Instructions for the task -
The reply should hold only the lines from the one with "å installere driveren." to the one with "Funda Silicona Antigolpes", both ends kept, exactly as they appear below, without any pictures.

The records -
※ ※ ※

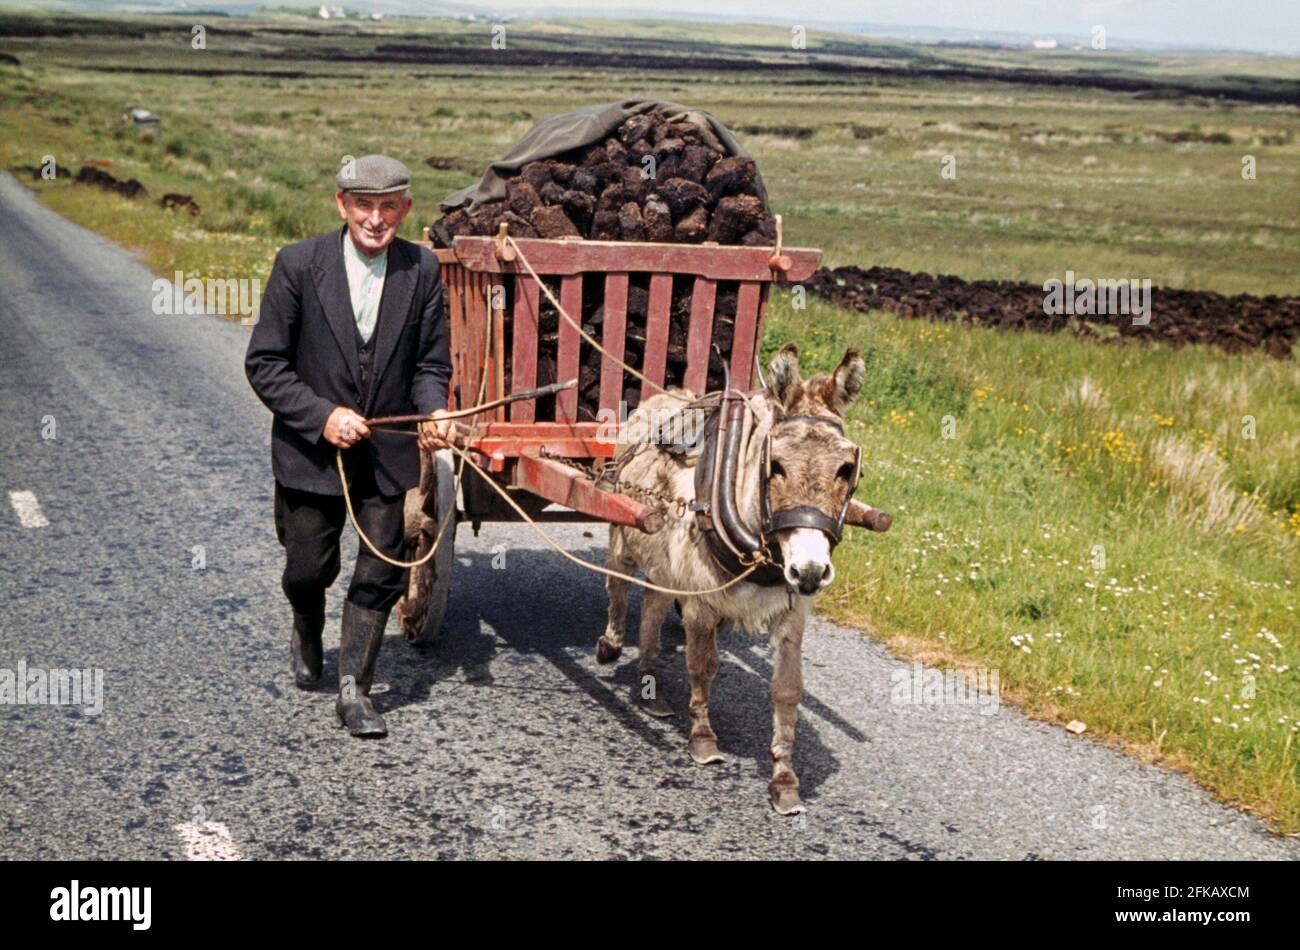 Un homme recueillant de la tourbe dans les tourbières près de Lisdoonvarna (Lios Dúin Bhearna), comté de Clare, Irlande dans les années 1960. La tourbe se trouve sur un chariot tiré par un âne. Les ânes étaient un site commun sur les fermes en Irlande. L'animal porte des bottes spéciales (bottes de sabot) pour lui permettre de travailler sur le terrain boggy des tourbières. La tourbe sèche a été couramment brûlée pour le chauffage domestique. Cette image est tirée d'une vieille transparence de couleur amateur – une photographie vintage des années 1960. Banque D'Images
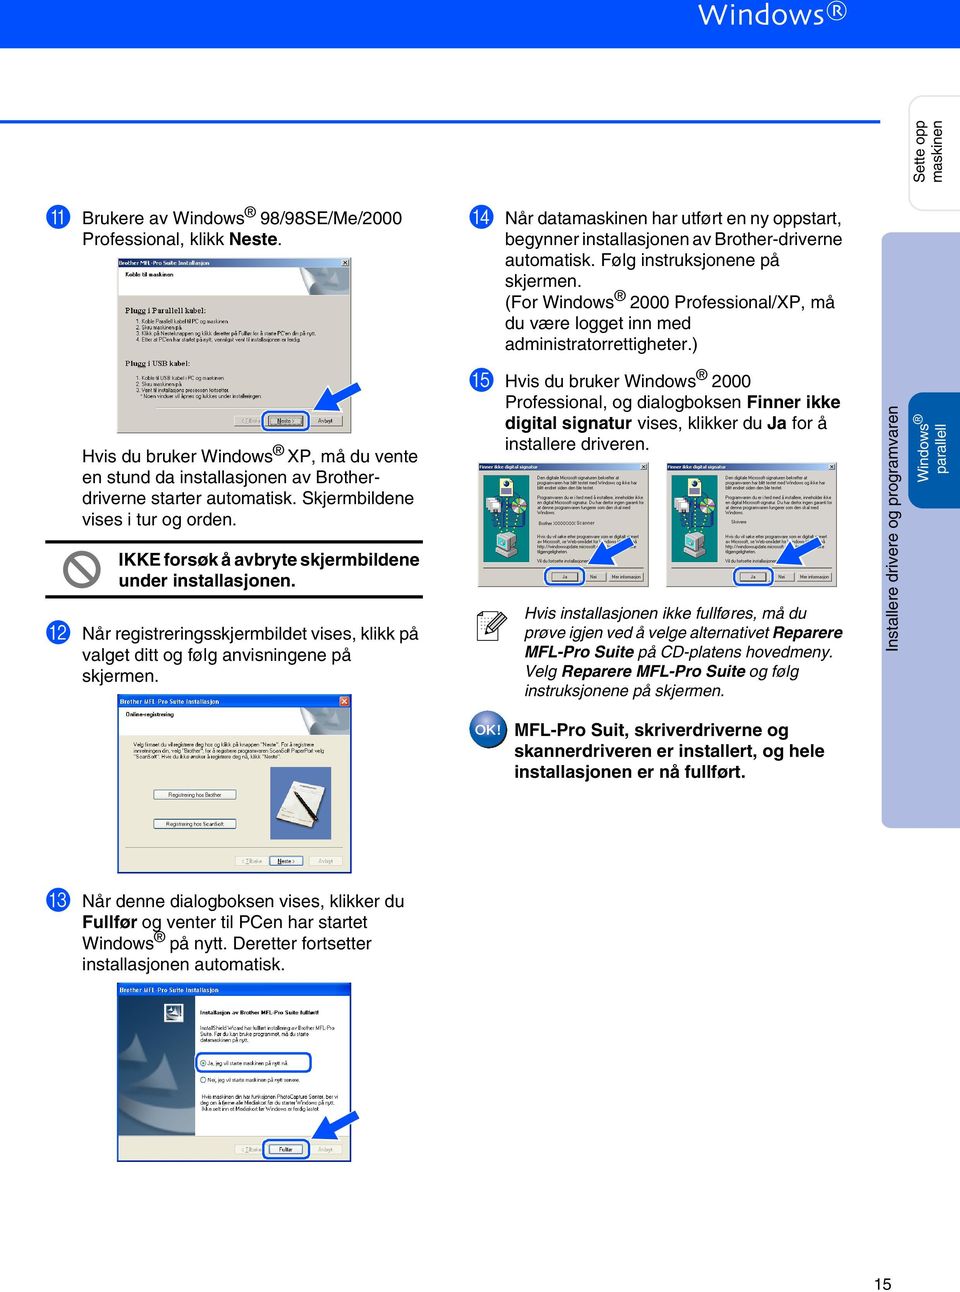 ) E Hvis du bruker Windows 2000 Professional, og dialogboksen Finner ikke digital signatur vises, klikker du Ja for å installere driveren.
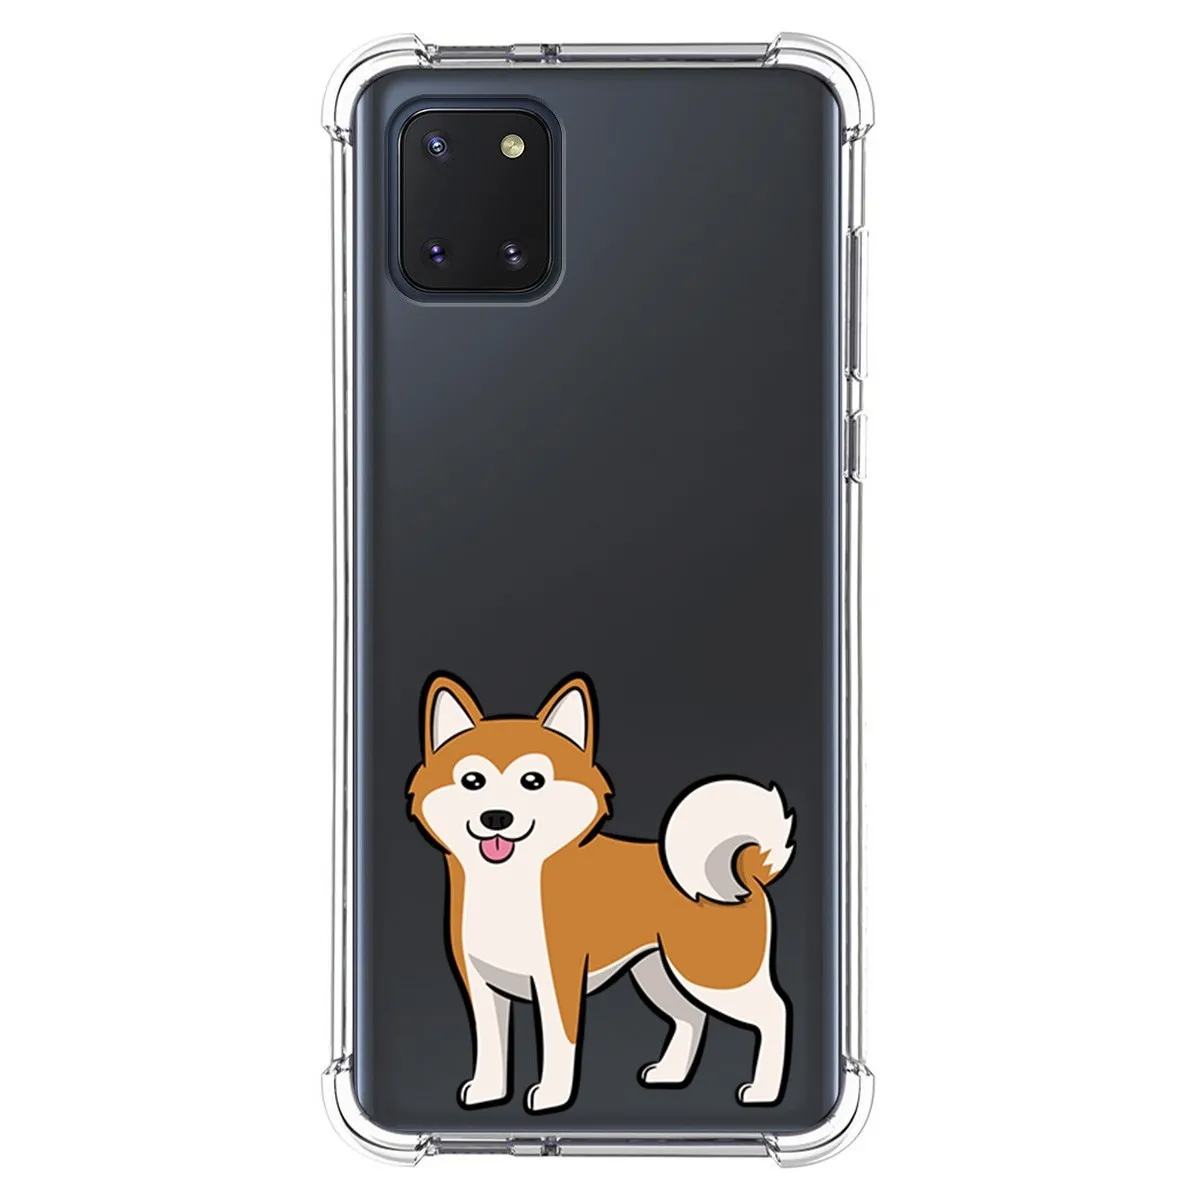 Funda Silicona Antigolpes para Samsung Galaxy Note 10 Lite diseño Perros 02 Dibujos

※ ※ ※

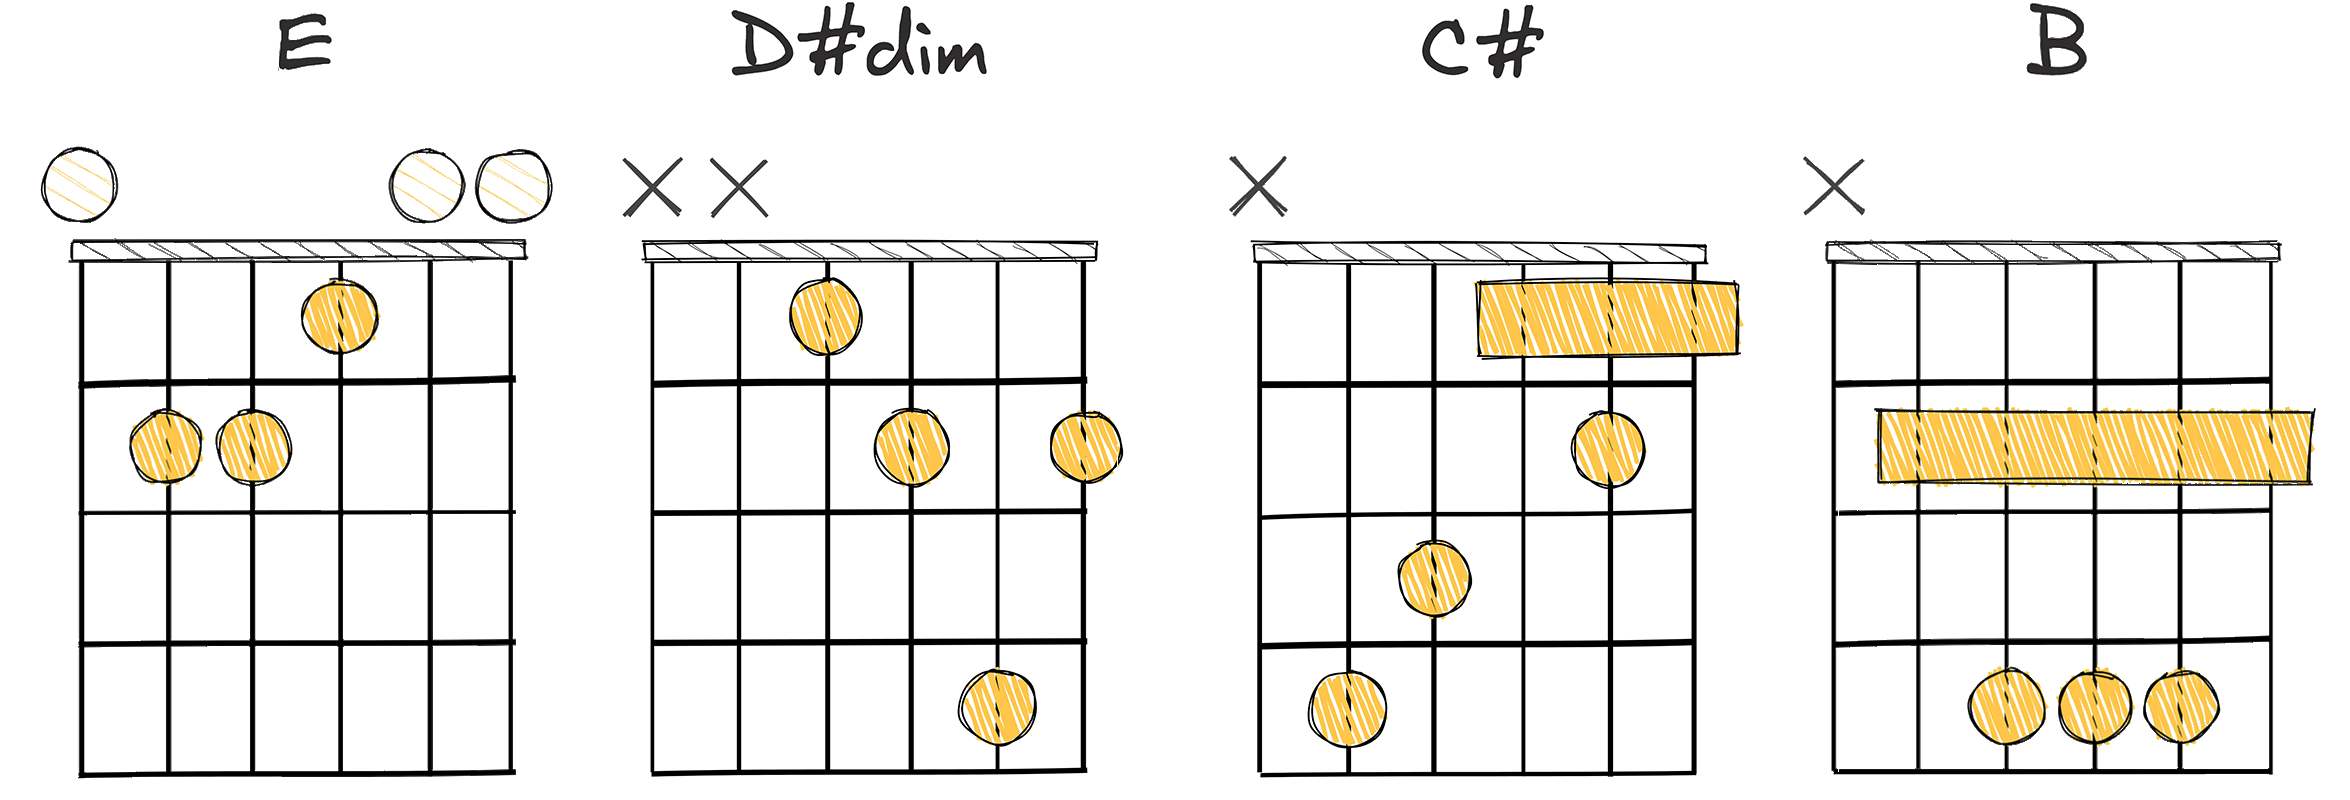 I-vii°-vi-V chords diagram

※ ※ ※

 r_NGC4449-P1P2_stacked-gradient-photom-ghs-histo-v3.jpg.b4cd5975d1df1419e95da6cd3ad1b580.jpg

※ ※ ※

Answer section -
 ) E Hvis du bruker Windows 2000 Professional, og dialogboksen Finner ikke digital signatur vises, klikker du Ja for å installere driveren.
 Funda Silicona Antigolpes para Samsung Galaxy Note 10 Lite diseño Perros 02 Dibujos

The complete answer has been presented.